Values of the array are 1 through 7, except for 4 zeros.
If the code indexes a zero array value, it tries again.
If rand5 truly returns values with a uniform probability,
then the code will give back 1-7 uniformly.
$ go build r5a.go
$ ./r5a | sort -n | uniq -c
71237 1
71637 2
71398 3
71345 4
71457 5
71209 6
71717 7
$Just to put this problem to bed, I wrote a third solution, which will create a uniform output with values 1 through M, from a "rand N" function that returns values 0 through N - 1 uniformly.
$ go build rmn.go
$ ./rmn 500000 7 5 | sort -n | uniq -c
Should end up with about 71428 of each value
71905 1
71430 2
71734 3
71590 4
71029 5
70931 6
71381 7
$The algorithm will work for M > N and M < N2. It requires extra space O(N2).
Interview analysis
The "rand5 into rand7" question in and of itself is a bad question, for the same reasons as the "rand7 into rand5" question: the candidate has to recognize some fact in a small amount of time. Once recognized, there's not a huge amount of coding.

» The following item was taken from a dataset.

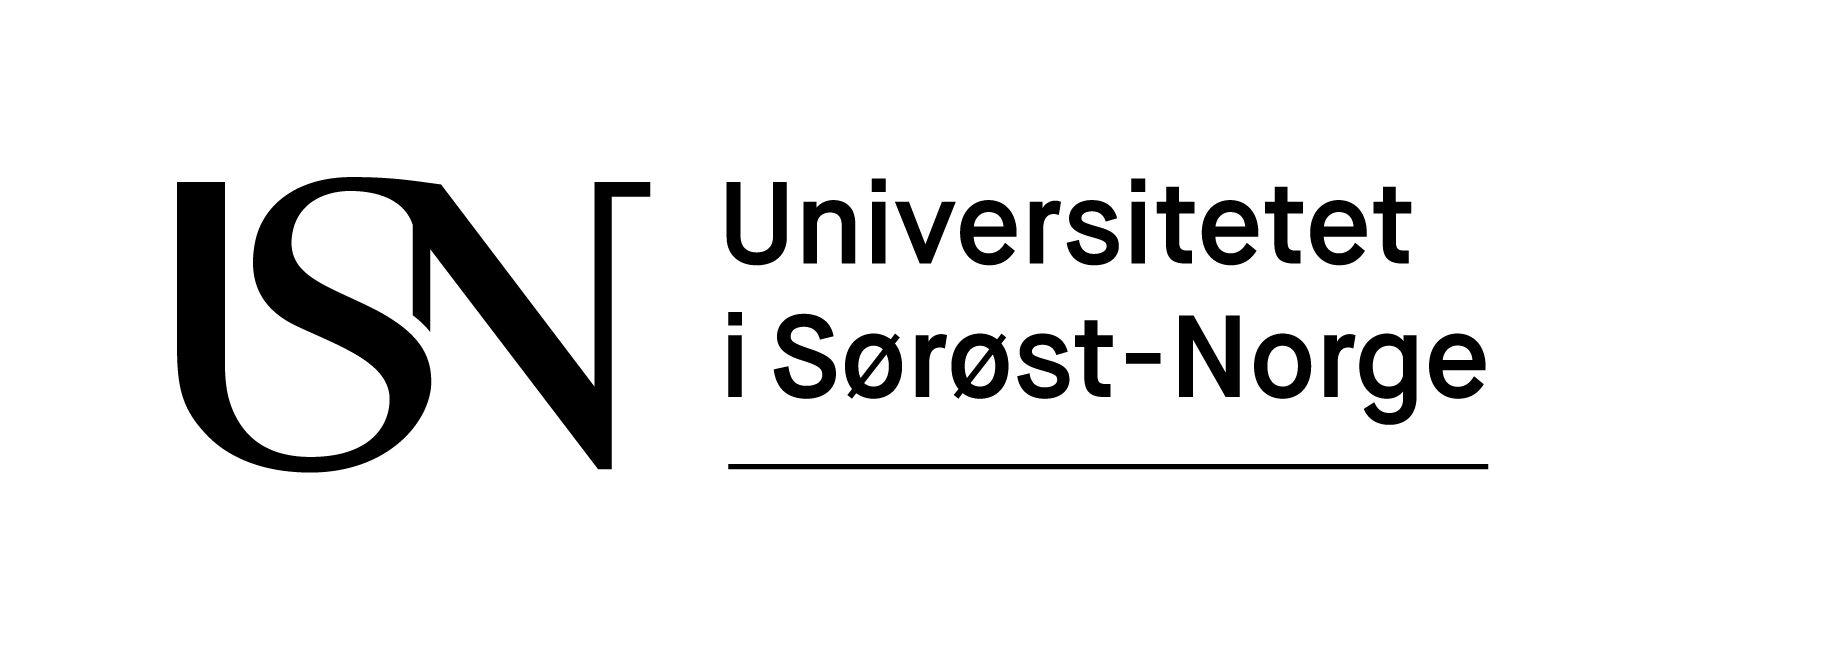 Logo USN

The general "randN into randM, where M > N" could be a decent interview question,
as long as the interviewer gives some hints.
If the interviewer walks the candidate through two randN() values
as indexes into a NxN array with 1-M values,
each value appearing some times,
the candidate could exhibit a lot of coding skills.
- indirection in service of generalization while setting up the NxN array
- remembering to seed the PRNG
- array particulars, like indexing and initialization, off-by-1 recognition
- mastery of division and modulo operators
All of these would show up in setting up the NxN array. Making one distribution from another merely motivates the work.